# Don't Buy the ShengEn FII Cube from Lightake!!!



## itzvince (Nov 24, 2010)

It says its a 2nd gen type f cube on the site, but it's really fake and its like playing with poo. literally. don't get it


----------



## ~Phoenix Death~ (Nov 24, 2010)

Tighten it...?
Show uss the pieces.


----------



## TheMachanga (Nov 24, 2010)

They must have sent you a wrong one...

Hundreds of people have bought F-II's from there, including me. One shipping error won't change our minds.


----------



## LewisJ (Nov 24, 2010)

Obviously you dont get the $4 DIY, everyone knows it isn't an FII...


----------



## Cool Frog (Nov 24, 2010)

looks like my GH-II
Edit:How do you know what poo plays like?


----------



## Lorken (Nov 24, 2010)

lol.

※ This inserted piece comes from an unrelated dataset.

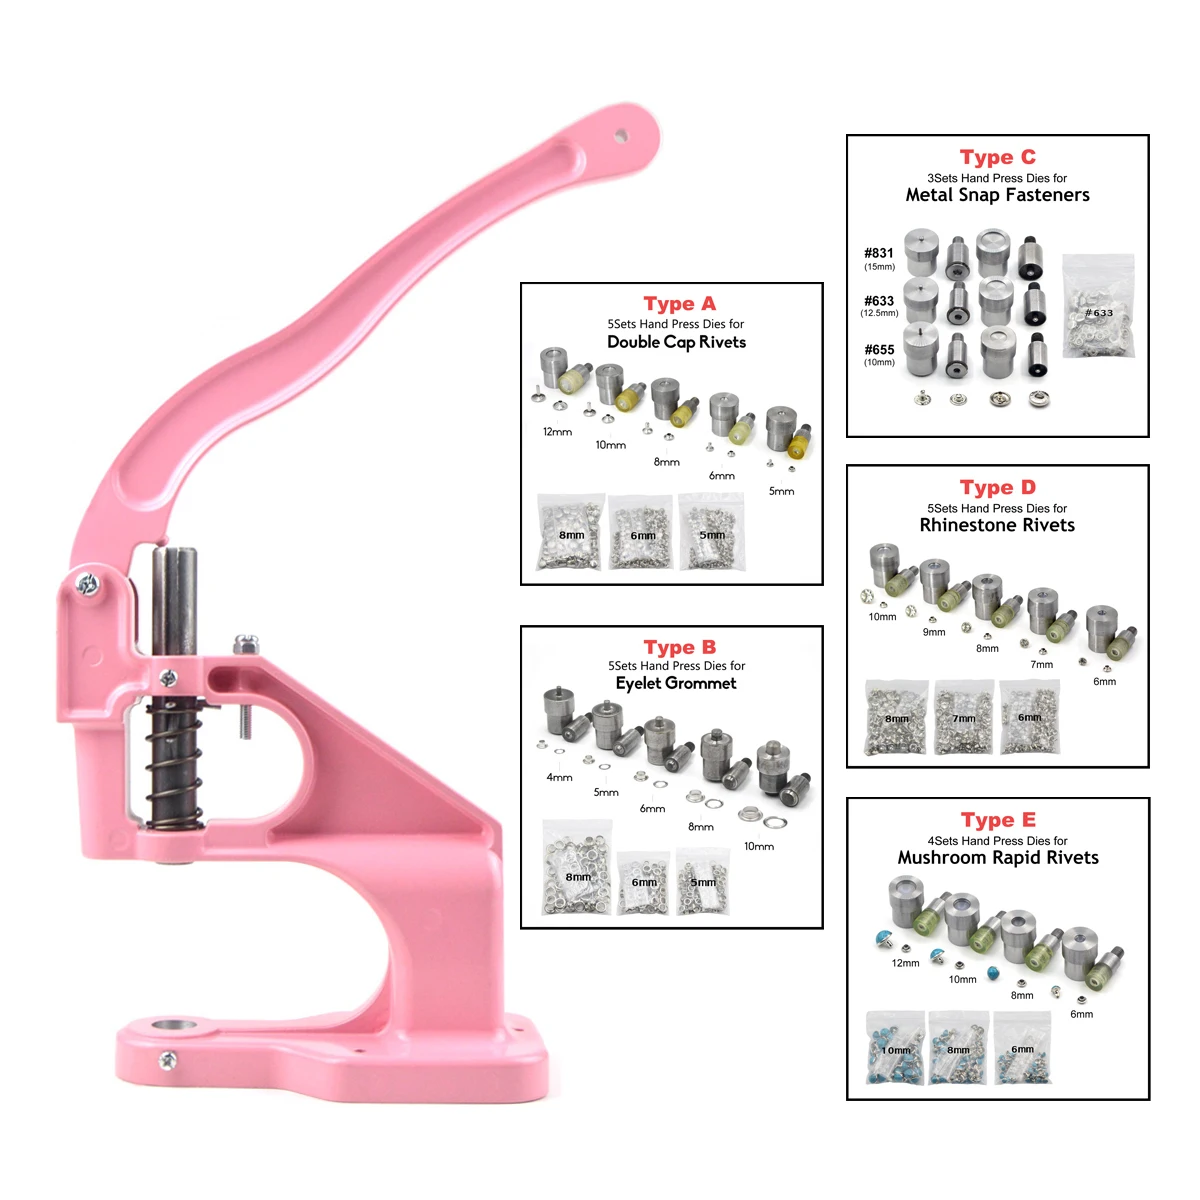 

KALASO Pink Accurate Hand Press Machine For Eyelet Grommet Or Double Cap Rivets Snap Buttons Dies Mould Tool Craft Diy Supplies

Noob member telling everyone who has purchased FII from Lighttake that they are wrong.


----------



## AquaJoe (Nov 24, 2010)

As Lewis said that is the $4 DIY that is not a FII. The reason it is so loose is because it doesnt have springs in it. Write to lightake, I'm sure they will send you some.


----------



## itzvince (Nov 24, 2010)

im telling people not to buy the one that's a DIY. Obviously the others are fine


----------



## poorshooter (Nov 24, 2010)

hmm, just so i dont make the same mistake, could anyone give me the link to lightake's FII?
I always feel quite overwhelmed by these online stores


----------



## David0794 (Nov 24, 2010)

I bought this FII and it's one of the best cubes in my opinion. 
I think you have this one

But yeah, why don't you just tighten it?


----------



## endless_akatsuki (Nov 24, 2010)

Poo plays quite nicely, actually. Just as long as it's not some $4 piece of fake crap.


----------



## iasimp1997 (Nov 24, 2010)

TheMachanga said:


> Hundreds of people have bought F-II's from there, including me. One shipping error won't change our minds.


 
Thish.


----------